The structure of convolutional neural network.

Convolutional layer is a core part of the whole network, and its output is called characteristic pattern. The convolution is like linear weighed operation. The formula [11] is:

$$R(i,j) = (O*H)(i,j) = \sum\limits_c {\sum\limits_d {O(i + c,j + d)H(c,d)} } .$$
((8))

The generation formula of characteristic pattern is:

$$\alpha _{j}^{m} = f({{\gamma }^{m}}) = f\left( {\sum\limits_{i \in {{N}_{i}}} {\alpha _{i}^{{m - 1}}*H_{j}^{m} + \beta _{j}^{m}} } \right),$$
((9))

where \(O\) stands for characteristic pattern, \(H\) stands for convolutional kernel, \(\alpha _{j}^{m}\) stands for the output characteristic pattern of the j-th convolutional kernel of the m-th layer, Nj stands for the set of the output characteristic pattern of the m–1-th layer, \(H_{j}^{m}\) stands for the j-th convolutional kernel of the m-th layer, \(\beta _{j}^{m}\) stands for the bias term of the characteristic pattern of corresponding convolutional kernel, and * stands for convolution operation. Different from the activation function in time delay neural network, the activation function in convolutional neural network is rectified linear unit rather than the traditional signoid function.

Pooling layer, also called subsampling layer, is mainly responsible for compressing the characteristic pattern obtained by the convolutional layer.

$$\alpha _{j}^{m} = f({\text{down}}(\alpha _{j}^{{m - 1}}) + \beta _{j}^{m}),$$
((10))

where down(ˑ) stands for subsampling function. The pooling layer can reduce training parameters through compressing data size and moreover make network obtain certain invariance, i.e., increase error-tolerant rate for speech recognition system.

3.4 Feedforward Sequence Memory Neural Network

Feedforward sequence memory neural network essentially is an improved version of the traditional deep neural network. It can be found from the comparison between Figs. 2 and 5 that the improvement of feedforward sequence memory neural network is the addition of memory block in the hidden layer.
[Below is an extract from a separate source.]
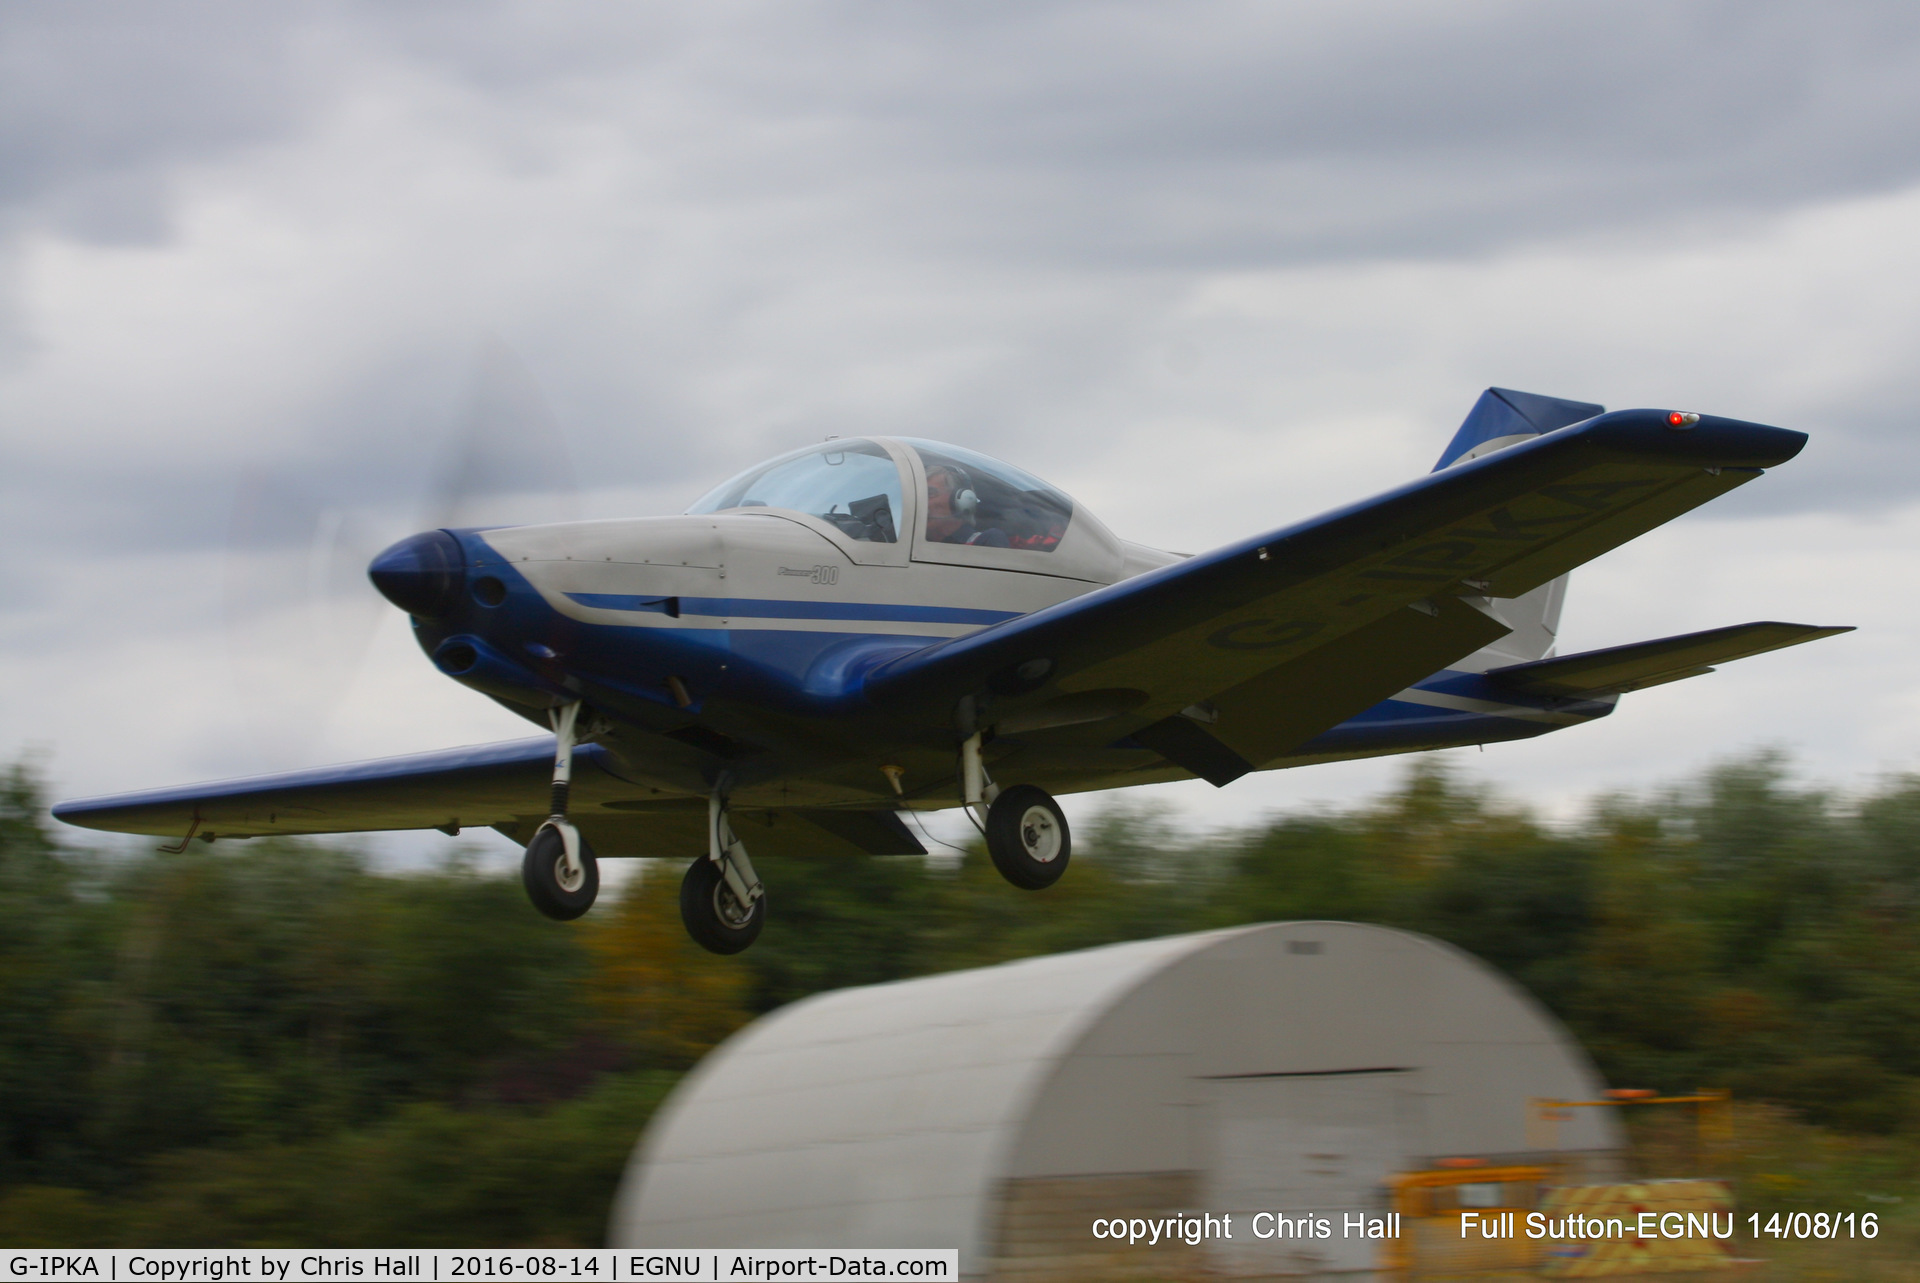 G-IPKA, 2005 Alpi Aviation Pioneer 300 C/N PFA 330-14355, at the LAA Vale of York Strut fly-in, Full Sutton

Memory block is a block structure used for storing historical information of the hidden layer, and it will be output to the next layer along with normal hidden layer. Memory block is the key of feedforward sequence memory neural network, which makes the neural network be capable of learning the long-term dependence relationship between sequence data in case of no feedback layer. Then feedforward sequence memory neural network can be divided into scalar coefficient based feedforward sequence memory neural network and vector coefficient based feedforward sequence memory neural network. The memory module in scalar coefficient based feedforward sequence memory neural network [12] can be expressed as:

$${\mathbf{s}}_{t}^{m} = \sum\limits_{i = 0}^R {\alpha _{i}^{m}{\mathbf{s}}_{{t - i}}^{m}} ,$$
((11))

where\({\mathbf{s}}_{t}^{m}\) stands for the output of memory module at time t, and \(\alpha _{i}^{m}\) stands for the scalar coefficient of memory module at time i.

Fig. 5.
figure 5

The structure of feedforward sequence memory neural network.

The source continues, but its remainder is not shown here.